The default argument is digits = 3
.
summ(fit, model.info = FALSE, digits = 5)
## MODEL FIT:
## F(3,46) = 4.04857, p = 0.01232
## R-squared = 0.20888
## Adj. R-squared = 0.15729
##
## Standard errors: OLS
## Est. S.E. t val. p
## (Intercept) 5111.09665 416.57608 12.2693 0 ***
## Frost -1.25407 2.11012 -0.59432 0.55521
## Illiteracy -610.71471 213.13769 -2.86535 0.00626 **
## Murder 23.07403 30.94034 0.74576 0.45961
summ(fit, model.info = FALSE, digits = 1)
## MODEL FIT:
## F(3,46) = 4, p = 0
## R-squared = 0.2
## Adj. R-squared = 0.2
##
## Standard errors: OLS
## Est. S.E. t val. p
## (Intercept) 5111.1 416.6 12.3 0 ***
## Frost -1.3 2.1 -0.6 0.6
## Illiteracy -610.7 213.1 -2.9 0 **
## Murder 23.1 30.9 0.7 0.5
You can pre-set the number of digits you want printed for all jtools
functions with the jtools-digits
option.
options("jtools-digits" = 2)
summ(fit, model.info = FALSE)
## MODEL FIT:
## F(3,46) = 4.05, p = 0.01
## R-squared = 0.21
## Adj. R-squared = 0.16
##
## Standard errors: OLS
## Est. S.E. t val. p
## (Intercept) 5111.1 416.58 12.27 0 ***
## Frost -1.25 2.11 -0.59 0.56
## Illiteracy -610.71 213.14 -2.87 0.01 **
## Murder 23.07 30.94 0.75 0.46
Note that the return object has non-rounded values if you wish to use them later.

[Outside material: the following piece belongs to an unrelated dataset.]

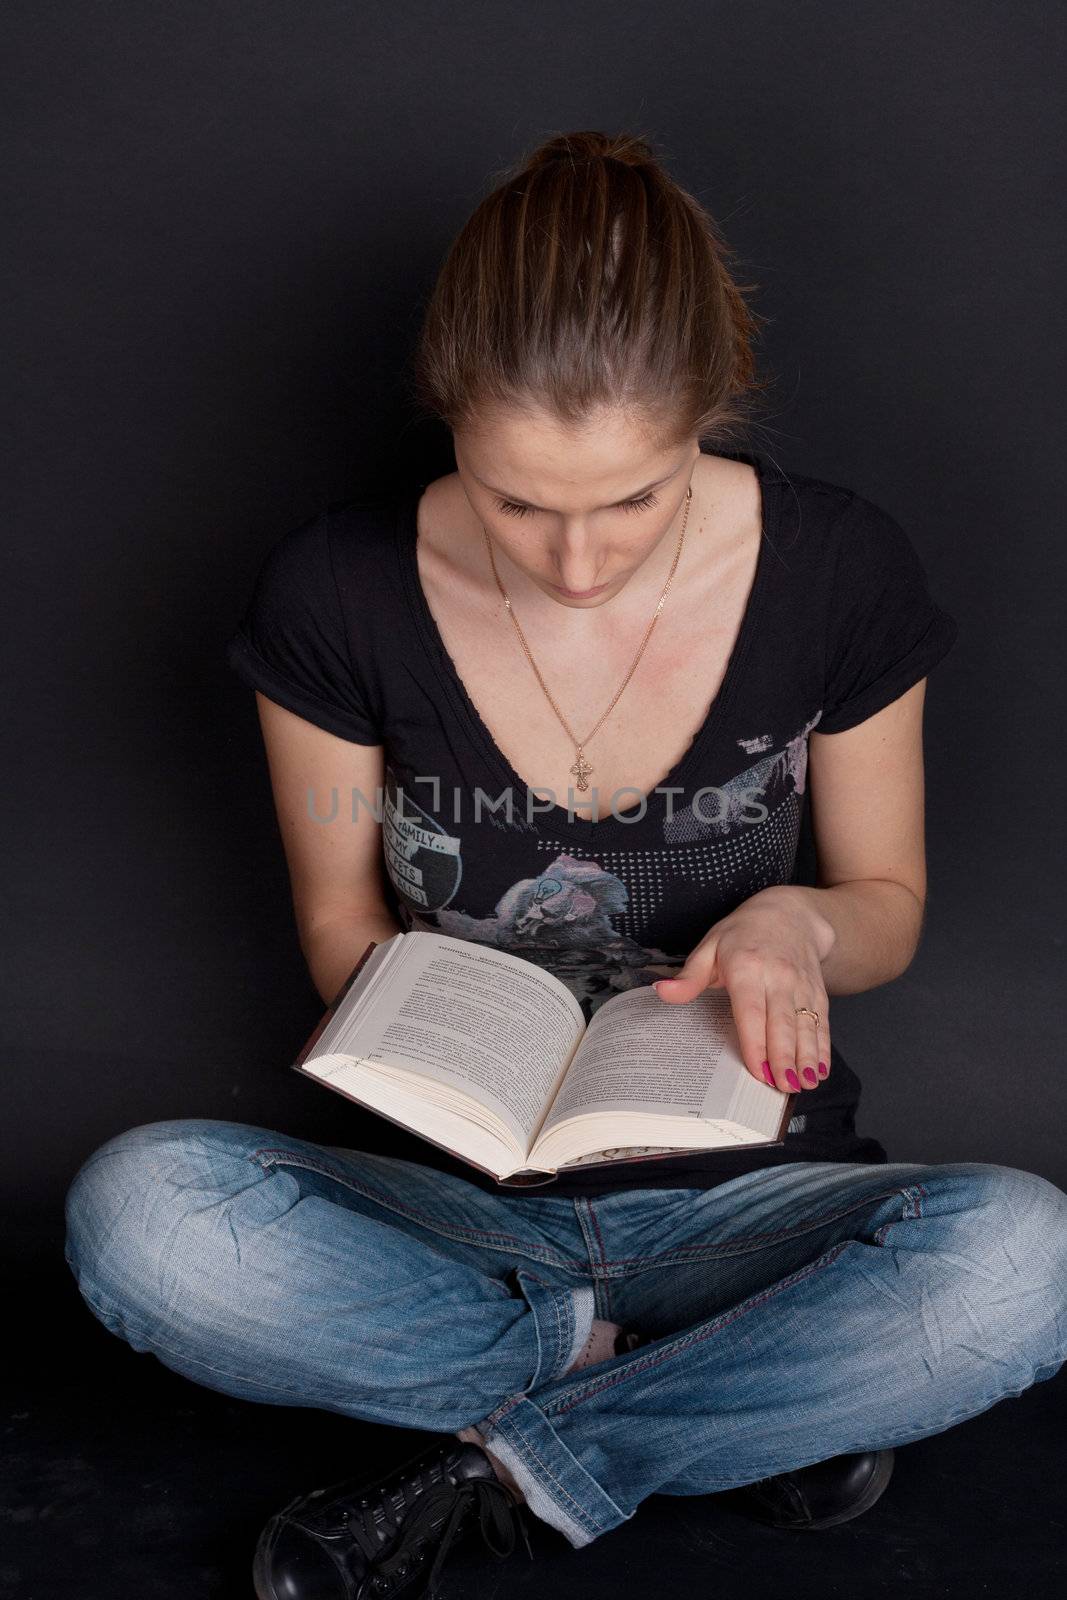 A girl sits and leafs through a book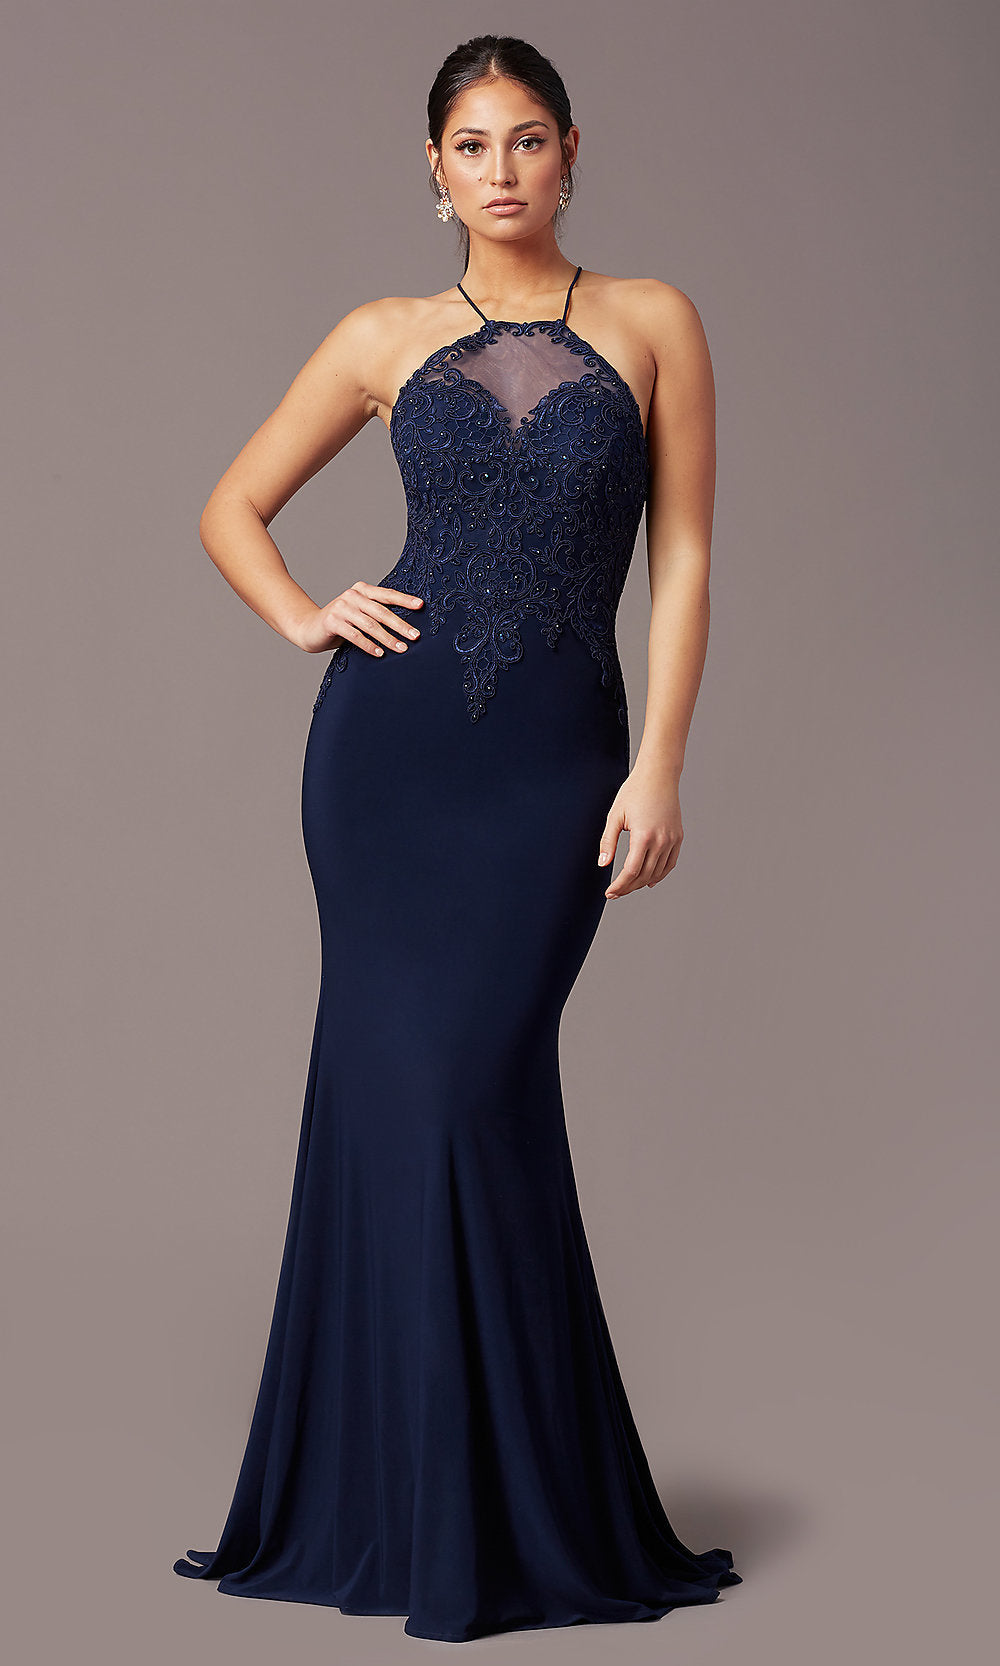 Navy Long Mermaid Navy Blue Prom Dress with Embroidery

j <- summ(fit, digits = 3)
j$coeftable
## Est. S.E. t val. p
## (Intercept) 5111.096650 416.576083 12.2692993 4.146240e-16
## Frost -1.254074 2.110117 -0.5943151 5.552133e-01
## Illiteracy -610.714712 213.137691 -2.8653529 6.259724e-03
## Murder 23.074026 30.940339 0.7457587 4.596073e-01
When multicollinearity is a concern, it can be useful to have VIFs reported alongside each variable. This can be particularly helpful for model comparison and checking for the impact of newly-added variables. To get VIFs reported in the output table, just set vifs = TRUE
.
Note that the car
package is needed to calculate VIFs.
summ(fit, vifs = TRUE)
## MODEL INFO:
## Observations: 50
## Dependent Variable: Income
##
## MODEL FIT:
## F(3,46) = 4.049, p = 0.012
## R-squared = 0.209
## Adj. R-squared = 0.157
##
## Standard errors: OLS
## Est. S.E. t val. p VIF
## (Intercept) 5111.097 416.576 12.269 0 ***
## Frost -1.254 2.11 -0.594 0.555 1.853
## Illiteracy -610.715 213.138 -2.865 0.006 ** 2.599
## Murder 23.074 30.94 0.746 0.46 2.009
There are many standards researchers apply for deciding whether a VIF is too large. In some domains, a VIF over 2 is worthy of suspicion. Others set the bar higher, at 5 or 10. Ultimately, the main thing to consider is that small effects are more likely to be “drowned out” by higher VIFs.